# Triac con carga capacitiva



## MAURICIO1986 (Dic 27, 2007)

Hola, mi nombre es Mauricio y este es mi primera consulta en este foro, necesito que me ayuden en un trabajo de experimento en clases, necesito conmutar en 220v y 50hz un condensador de alterna de 270uf y quiero usar un triac, y la duda es que protección le debo colocar al triac para que este no sufra ningún daño y  funcione sin ningún problema ante el condensador, sera suficiente una red snubber? el problema es que hay mucha información usando triac con carga inductiva pero no con capacitiva y me a costado un mundo encontrarla, ojala me respondan y me den una solución, desde ya les agradezco mucho. Mauricio


----------



## Elvic (Dic 28, 2007)

en este PDF están algunas recomendaciones para trabajar con tiristores, puedes basarte aquí

http://web.frm.utn.edu.ar/epotencia/apuntes/recomendaciones.pdf

ahora con lo que respecta al la protección para una carga capacitiva 

busca información sobre:  protección contra di/dt en tiristor (triac scr)

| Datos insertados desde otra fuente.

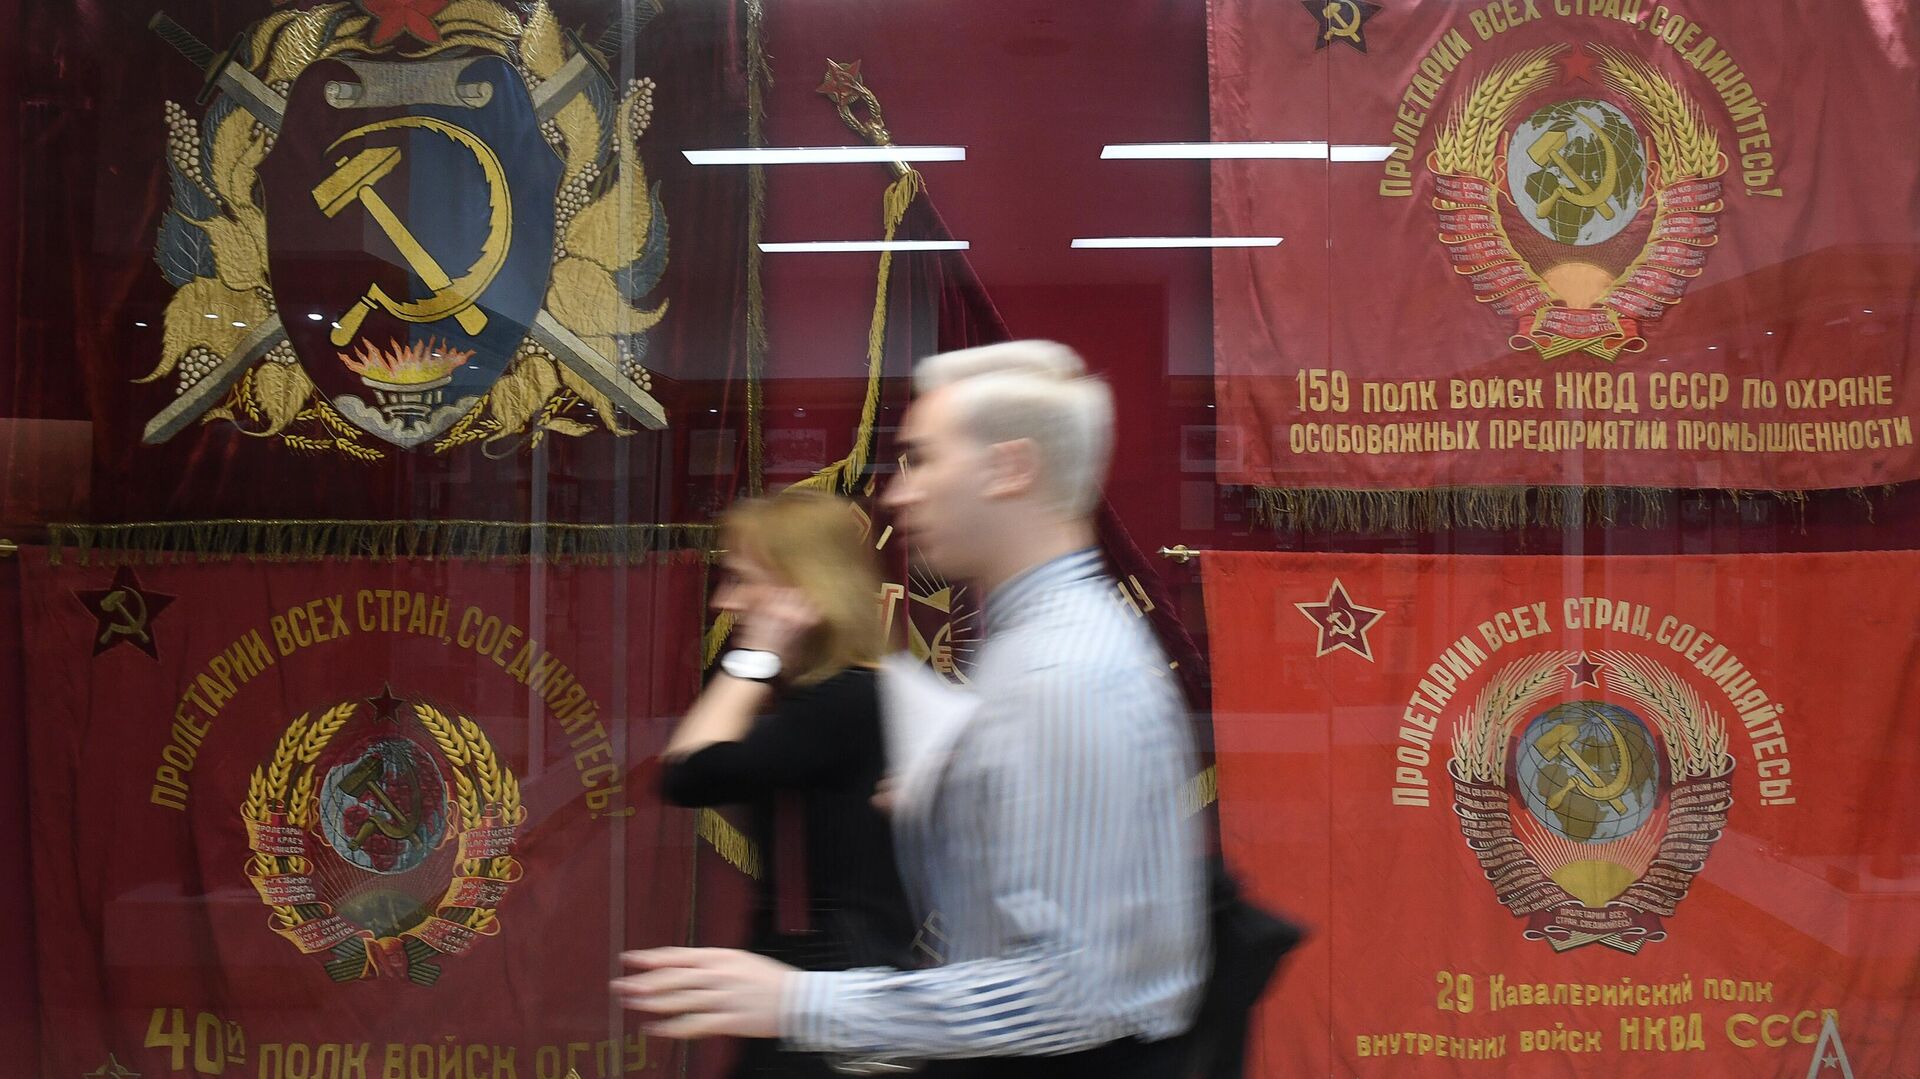 Посетители идут вдоль стенда с боевыми знаменами СССР в музее Росгвардии в Москве. - Sputnik Аҧсны, 1920, 08.12.2021

y poner un buen disipador al triac es recomendable.. pues como lo lo explica le PDF se eleva la temperatura al consumir mucha corriente por el capacitor..

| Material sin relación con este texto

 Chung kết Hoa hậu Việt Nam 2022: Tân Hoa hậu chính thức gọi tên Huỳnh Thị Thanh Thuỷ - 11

en este otro enlace explica que poniendo una bobina en serie  disminuye  ese problema 
http://books.google.com/books?id=5O...ts=9psYxya8nv&sig=HaJbVy9jUw2QmA83fnH62I4LsEU

o algo asi
la red snubber se usa entre otras cosas  para prevenir falsos disparos, "por lo que yo se...ops:  "  con carga inductiva o por la frecuencia de conmutacion.

suerT


----------



## tiopepe123 (Dic 28, 2007)

Como no explicas casi nada, es dificil ayudarte...

Otra solucion es utilizar mosfets, algo tan simple como utilizar un puente de diodos y un mosfet, tiene la ventaja que eres tu quien controla la apertur/cierre y no el paso por cero de la corriente.


En princpio debes hacer hacer un circuito que se dispare por el paso por cero de la CORRIENTE igualito que las inductivas.

Las precauciones deberian la limitacion de corriente, deberias calcular una resistencia no inductiva y que aguante la potencia.

R=Vpico/Imax triac

P=Vpic*Imaxtriac= W, aunque salga poca potencia pon resistencias de cargon de  2W, es un tema puramente mecanico y de materiales.


----------



## MAURICIO1986 (Dic 28, 2007)

Gracias por responderme Elvic y tiopepe123, el triac se debe activar si o si cada 5 mili segundos de la onda sinusoidal osea se activa cuando esta  en el angulo 90º  y se desactiva en el angulo 180º de la onda, y se vuelve activar en el angulo 270º y se desactiva en los 360º, como se ve en el dibujo así debe conducir el triac, yo lo tengo echo en el simulador y me funciona bien, uso un triac bta139 que es de 16 A y 600v , antes del triac le tengo puesto una resistencia de 100ohm de carbón para limitar la corriente ya que si la quito me deforma la onda y luego me arroja un error, luego del triac esta el condensador como se ve en sgte dibujo,como les decía anteriormente todo me funciona bien en el simulador pero en la realidad debe ser un poco mas distinto, y por eso prefiero que me recomienden que puedo usar de protección antes de llevarlo a la practica , otra cosa en  donde esta conectado el triac con el condensador le puse un medidor de corriente, en el instante de conexión del triac este me marcaba una intensidad de 200A y cuando conectaba y cuando no conducía este bajaba alrededor de 160 A pero el programa no arrojaba error y el osciloscopio no me marcaba deformación de la onda después del triac, sera problema para el triac es cantidad de corriente? 

Tiopepe123 me gustaría que si pudieras me enviara un dibujo usado el mosfet con los diodos para probarlo en en simulador.


Saludos Mauricio


----------